Libertarianism and race

Not that it’s actually related to anything of late, but I love this Yglesias take on Rand Paul and civil rights legislation:

Even if you take democracy to relatively narrowly mean majoritarian voting procedures this doesn’t work. In the periods between the Civil War and World War II, African-Americans were a majority in quite a few southern states and would have been a large—and potentially decisive—voting bloc in the others. If, that is, they were allowed to vote. But instead of voting, African-Americans were disenfranchised via a systematic campaign of terrorist violence. The same campaign that gave us the Jim Crow social system. The point of the Civil Rights Act, including its provisions regulating private businesses, was to smash that social system. And it succeeded. It succeeded enormously. The amazing thing about retrospective opposition to the Civil Rights Act is that we know that it worked. It didn’t lead to social and economic cataclism. In fact, the American south has done quite a bit better since the smashing of white supremacy than it was doing previously.

I think the Cook/Paul view that we should somehow regret this and pretend that everything would have worked itself out on its own is bizarre.

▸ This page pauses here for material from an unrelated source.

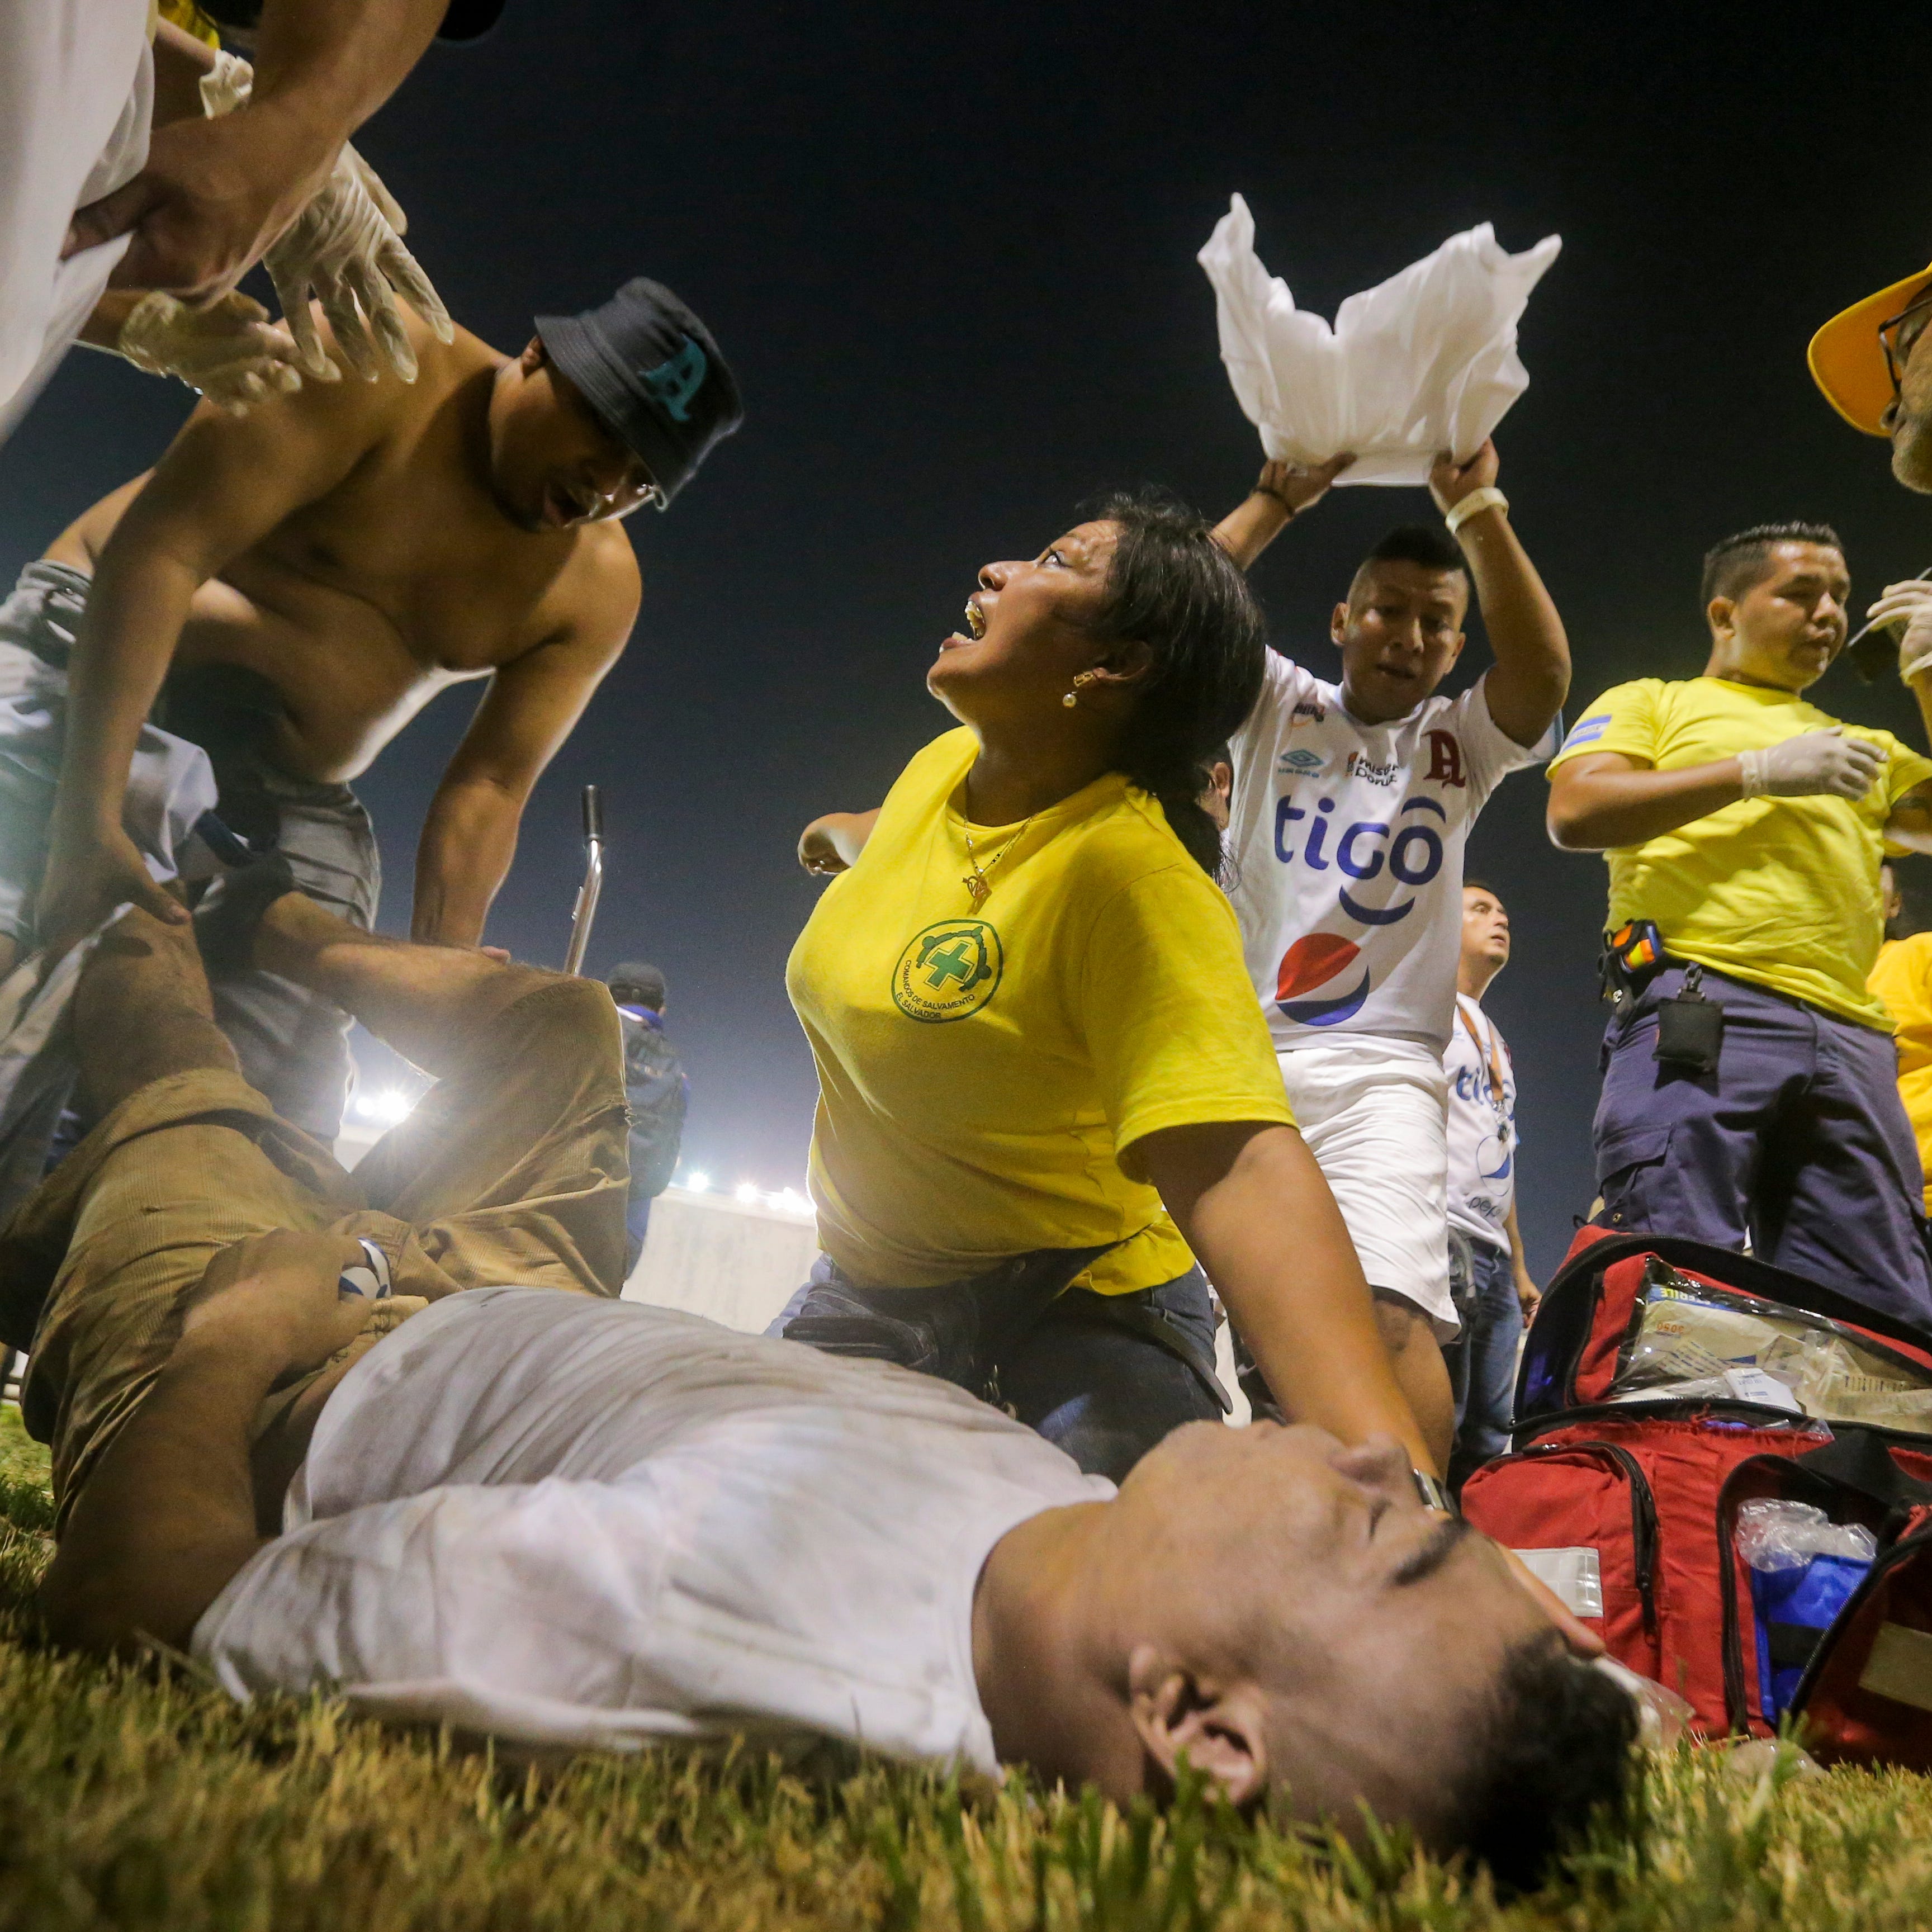 Rescuers attend an injured fan lying on the field of the Cuscatlan stadium in San Salvador, El Salvador.

But it’s not only bizarre. It seems to me that it necessarily has to stem from not taking the interests and history of African-Americans seriously to even be comprehensible. The “respectable” thing to say about people like Paul or the late Barry Goldwater, I suppose, is simply that they are ideologues rather than people driven by some kind of racial animosity. But I think it’s selling free market ideology short to suggest that government regulations meant to undue the outcome of a century long campaign of terrorist violence is just a straightforward consequence of a general support for free enterprise. You need to combine that ideology with a sincere indifference to black people’s welfare to reach that conclusion, just as you need to combine Paul’s ideology with genuine indifference to the history of race in America to reach Paul’s conclusion about democracy’s relationship to Jim Crow.

Yep.  So, whether “racist” or not is a matter of semantics.  Pretty hard to argue with “extreme indifference” to Black people’s welfare.

Civitas’ Moral Monday backlash

The decision of the Art Pope-funded Civitas Institute to mock the Moral Monday protesters and publicize all their personal information has received a terrific response from Duke Law professor (and aresteee) Jedidiah Purdy (seriously, click through and read the whole thing):

Dear Civitas Institute,

Thanks for including me in your Moral Monday Protesters database. I’m sure I speak for many of those arrested for civil disobedience protesting North Carolina’s Tea Party legislature who are happy to find our name, residence, and employer are usefully listed on the Internet.

I’d like to thank your funder, Art Pope, for making this project possible and giving it that personal touch. Linking to our mug shots is a nice detail; otherwise, your readers might not be able to recognize us on the street. Also, it has that great Rogues’ Gallery effect. I mean, everyone looks like a criminal in a mug shot.

You really enrich the picture by listing arrestees’ “interest-group affiliations,” such as NAACP, People of Faith Against the Death Penalty, and, of course, Occupy Raleigh. But maybe the best grace note is the column devoted to noting everyone whose driver’s license address doesn’t match their voter registration address. Could that mean rampant voter fraud? You report, we decide.

You’ve made some really solid aesthetic choices here. The dull, column-ruled, sans-serif layout that we have to click through ten names at a time, like we were turning the pages of a Registry of Deeds? So retro. It’s like 1950s public record in a county courthouse. And that little throwback is so of the moment. I mean, hipsters are using “boss” to mean awesome and belting their corduroys high around their waists. Everything old is new again, with a little ironic twist.

And it’s way more than aesthetics. The design choices set the mood for what you’re really trying to communicate here: 1950s, blacklists, loyalty oaths, right? Am I feeling you?

Maybe it’s just because I teach Constitutional Law, so I randomly know all these little Americana details, but this whole project is a really nice allusion to those laws Southern states passed in the 1950s, requiring certain groups, which just happened to be the NAACP and other civil-rights organizations, to disclose their membership. You know, so that employers and neighbors could be informed, make their views known to the troublemakers.

I don’t think I’m going to get myself arrested (in significant part because my wife has explicitly forbidden me, but I could be persuaded if I better understood the costs in time and money), but the stupid attack from Civitas makes me think much harder about it.  And I’m probably not the only one.